Today, our pool of shared meaning seems to have something of an algae problem.  References to scriptural passages, to Shakespeare, even to art film or the classics, are likely to be understood by a rare minority.  Pop culture isn’t universally followed, either, so it’s entirely possible that two American citizens could have radically different understandings of the world, with almost no appreciable overlap in content.

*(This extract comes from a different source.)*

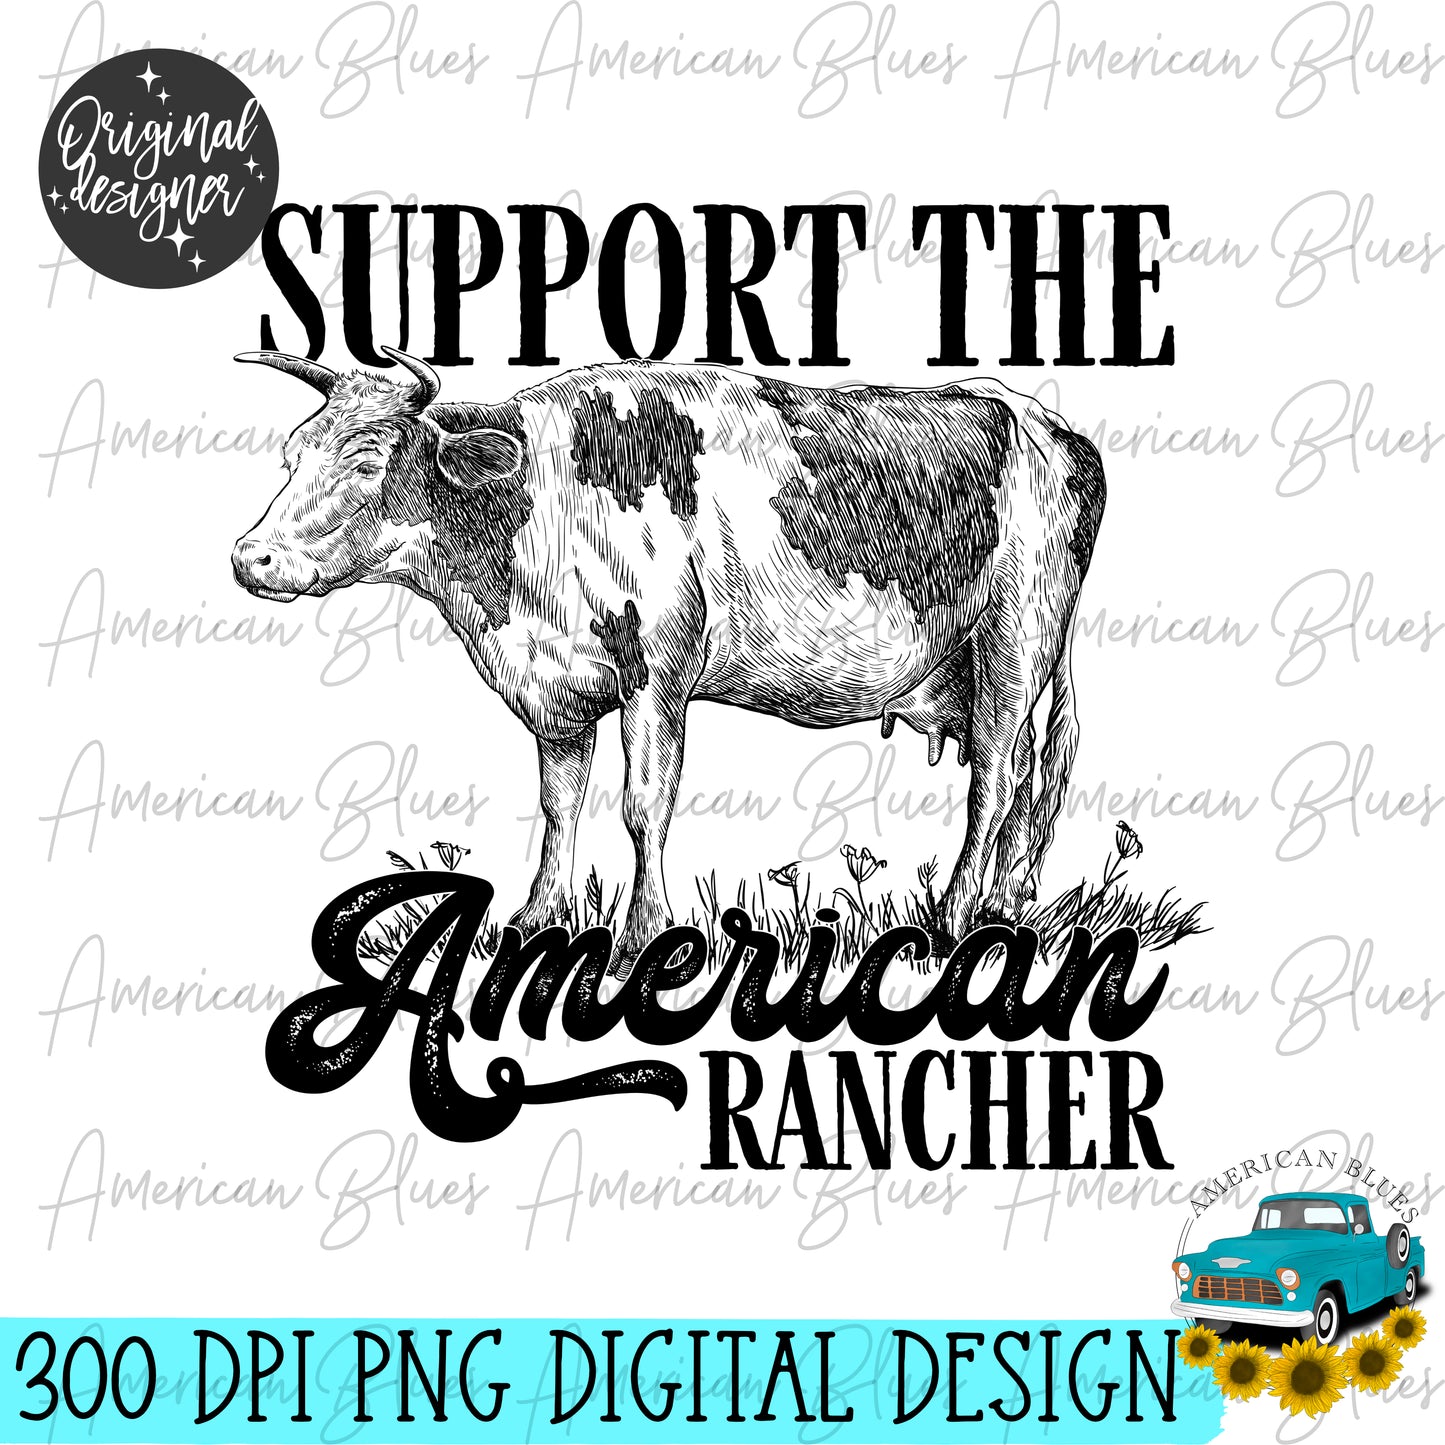 Support the American Rancher

Even our words have changed, and rapidly.  Neologisms aside, old standbys switch with breathtaking speed.  Niggardly is out; the first two syllables condemn that word to the ash-heap of usage.  Liberal is a swear word for many who once bore it proudly.  Queer went from being a term of disparagement to a technical term within the academy, to being embraced by the very people against whom it was considered an epithet.

Read any random newspaper issue from 1955.  Words like conservative are used as slurs, and negro is considered utterly neutral.  Today, neither understanding holds.

Words didn’t used to change connotation or even denotation, this quickly.  Perizoma is worthy of study precisely because it is something of an odd duck.  That the phenomenon of radical connotative shift is truckin’ along today is not insignificant, nor are the related and proliferating opportunities for historical fallacies.